Activity - Give back all of the data unchanged. Keep every word as it is.

Dataset records:
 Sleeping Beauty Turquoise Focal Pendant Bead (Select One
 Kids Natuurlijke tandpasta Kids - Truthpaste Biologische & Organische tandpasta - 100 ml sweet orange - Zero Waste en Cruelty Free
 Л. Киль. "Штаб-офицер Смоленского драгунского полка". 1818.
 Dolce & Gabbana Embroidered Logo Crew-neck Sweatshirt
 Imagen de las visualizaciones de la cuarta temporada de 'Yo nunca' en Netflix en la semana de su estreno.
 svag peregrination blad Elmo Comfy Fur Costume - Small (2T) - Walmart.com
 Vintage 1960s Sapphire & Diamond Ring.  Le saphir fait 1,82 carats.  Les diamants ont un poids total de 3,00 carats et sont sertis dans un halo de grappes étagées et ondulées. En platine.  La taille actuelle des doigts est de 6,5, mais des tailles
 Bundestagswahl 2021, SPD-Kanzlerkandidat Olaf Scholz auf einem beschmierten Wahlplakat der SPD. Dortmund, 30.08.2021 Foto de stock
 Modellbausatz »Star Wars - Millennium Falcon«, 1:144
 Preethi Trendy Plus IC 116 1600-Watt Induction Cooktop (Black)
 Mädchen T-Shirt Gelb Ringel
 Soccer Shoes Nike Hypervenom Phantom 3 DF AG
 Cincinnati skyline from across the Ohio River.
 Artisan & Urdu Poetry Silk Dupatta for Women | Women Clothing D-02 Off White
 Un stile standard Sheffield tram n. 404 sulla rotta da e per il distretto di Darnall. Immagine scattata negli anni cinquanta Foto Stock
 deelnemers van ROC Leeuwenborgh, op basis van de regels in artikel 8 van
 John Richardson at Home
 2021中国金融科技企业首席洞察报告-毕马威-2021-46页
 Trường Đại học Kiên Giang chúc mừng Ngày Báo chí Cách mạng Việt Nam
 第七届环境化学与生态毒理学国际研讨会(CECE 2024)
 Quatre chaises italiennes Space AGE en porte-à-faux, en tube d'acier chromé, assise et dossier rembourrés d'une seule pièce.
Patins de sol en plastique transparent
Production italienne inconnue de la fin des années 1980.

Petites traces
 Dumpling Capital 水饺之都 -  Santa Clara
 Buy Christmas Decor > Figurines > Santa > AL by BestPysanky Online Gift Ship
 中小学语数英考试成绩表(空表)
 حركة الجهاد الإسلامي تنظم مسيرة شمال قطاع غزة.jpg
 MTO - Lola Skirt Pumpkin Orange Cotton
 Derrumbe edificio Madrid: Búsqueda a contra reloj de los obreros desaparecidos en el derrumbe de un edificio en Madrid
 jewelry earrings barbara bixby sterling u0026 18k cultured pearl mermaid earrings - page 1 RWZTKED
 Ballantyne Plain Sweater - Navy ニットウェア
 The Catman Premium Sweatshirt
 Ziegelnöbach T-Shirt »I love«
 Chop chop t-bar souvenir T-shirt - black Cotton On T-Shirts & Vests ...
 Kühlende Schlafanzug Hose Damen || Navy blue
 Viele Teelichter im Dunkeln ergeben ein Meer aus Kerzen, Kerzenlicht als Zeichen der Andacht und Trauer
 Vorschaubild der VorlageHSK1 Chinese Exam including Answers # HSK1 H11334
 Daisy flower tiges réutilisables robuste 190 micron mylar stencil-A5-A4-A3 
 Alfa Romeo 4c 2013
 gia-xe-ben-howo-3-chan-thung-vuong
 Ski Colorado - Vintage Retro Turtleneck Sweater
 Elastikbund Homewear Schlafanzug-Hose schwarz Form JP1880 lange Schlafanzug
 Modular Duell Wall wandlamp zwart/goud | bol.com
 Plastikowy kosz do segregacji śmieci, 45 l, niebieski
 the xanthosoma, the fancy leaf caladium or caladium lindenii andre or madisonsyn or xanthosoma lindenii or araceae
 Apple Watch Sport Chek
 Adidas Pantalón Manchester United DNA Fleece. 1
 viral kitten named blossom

Result of the exercise -
 Sleeping Beauty Turquoise Focal Pendant Bead (Select One
 Kids Natuurlijke tandpasta Kids - Truthpaste Biologische & Organische tandpasta - 100 ml sweet orange - Zero Waste en Cruelty Free
 Л. Киль. "Штаб-офицер Смоленского драгунского полка". 1818.
 Dolce & Gabbana Embroidered Logo Crew-neck Sweatshirt
 Imagen de las visualizaciones de la cuarta temporada de 'Yo nunca' en Netflix en la semana de su estreno.
 svag peregrination blad Elmo Comfy Fur Costume - Small (2T) - Walmart.com
 Vintage 1960s Sapphire & Diamond Ring.  Le saphir fait 1,82 carats.  Les diamants ont un poids total de 3,00 carats et sont sertis dans un halo de grappes étagées et ondulées. En platine.  La taille actuelle des doigts est de 6,5, mais des tailles
 Bundestagswahl 2021, SPD-Kanzlerkandidat Olaf Scholz auf einem beschmierten Wahlplakat der SPD. Dortmund, 30.08.2021 Foto de stock
 Modellbausatz »Star Wars - Millennium Falcon«, 1:144
 Preethi Trendy Plus IC 116 1600-Watt Induction Cooktop (Black)
 Mädchen T-Shirt Gelb Ringel
 Soccer Shoes Nike Hypervenom Phantom 3 DF AG
 Cincinnati skyline from across the Ohio River.
 Artisan & Urdu Poetry Silk Dupatta for Women | Women Clothing D-02 Off White
 Un stile standard Sheffield tram n. 404 sulla rotta da e per il distretto di Darnall. Immagine scattata negli anni cinquanta Foto Stock
 deelnemers van ROC Leeuwenborgh, op basis van de regels in artikel 8 van
 John Richardson at Home
 2021中国金融科技企业首席洞察报告-毕马威-2021-46页
 Trường Đại học Kiên Giang chúc mừng Ngày Báo chí Cách mạng Việt Nam
 第七届环境化学与生态毒理学国际研讨会(CECE 2024)
 Quatre chaises italiennes Space AGE en porte-à-faux, en tube d'acier chromé, assise et dossier rembourrés d'une seule pièce.
Patins de sol en plastique transparent
Production italienne inconnue de la fin des années 1980.

Petites traces
 Dumpling Capital 水饺之都 -  Santa Clara
 Buy Christmas Decor > Figurines > Santa > AL by BestPysanky Online Gift Ship
 中小学语数英考试成绩表(空表)
 حركة الجهاد الإسلامي تنظم مسيرة شمال قطاع غزة.jpg
 MTO - Lola Skirt Pumpkin Orange Cotton
 Derrumbe edificio Madrid: Búsqueda a contra reloj de los obreros desaparecidos en el derrumbe de un edificio en Madrid
 jewelry earrings barbara bixby sterling u0026 18k cultured pearl mermaid earrings - page 1 RWZTKED
 Ballantyne Plain Sweater - Navy ニットウェア
 The Catman Premium Sweatshirt
 Ziegelnöbach T-Shirt »I love«
 Chop chop t-bar souvenir T-shirt - black Cotton On T-Shirts & Vests ...
 Kühlende Schlafanzug Hose Damen || Navy blue
 Viele Teelichter im Dunkeln ergeben ein Meer aus Kerzen, Kerzenlicht als Zeichen der Andacht und Trauer
 Vorschaubild der VorlageHSK1 Chinese Exam including Answers # HSK1 H11334
 Daisy flower tiges réutilisables robuste 190 micron mylar stencil-A5-A4-A3 
 Alfa Romeo 4c 2013
 gia-xe-ben-howo-3-chan-thung-vuong
 Ski Colorado - Vintage Retro Turtleneck Sweater
 Elastikbund Homewear Schlafanzug-Hose schwarz Form JP1880 lange Schlafanzug
 Modular Duell Wall wandlamp zwart/goud | bol.com
 Plastikowy kosz do segregacji śmieci, 45 l, niebieski
 the xanthosoma, the fancy leaf caladium or caladium lindenii andre or madisonsyn or xanthosoma lindenii or araceae
 Apple Watch Sport Chek
 Adidas Pantalón Manchester United DNA Fleece. 1
 viral kitten named blossom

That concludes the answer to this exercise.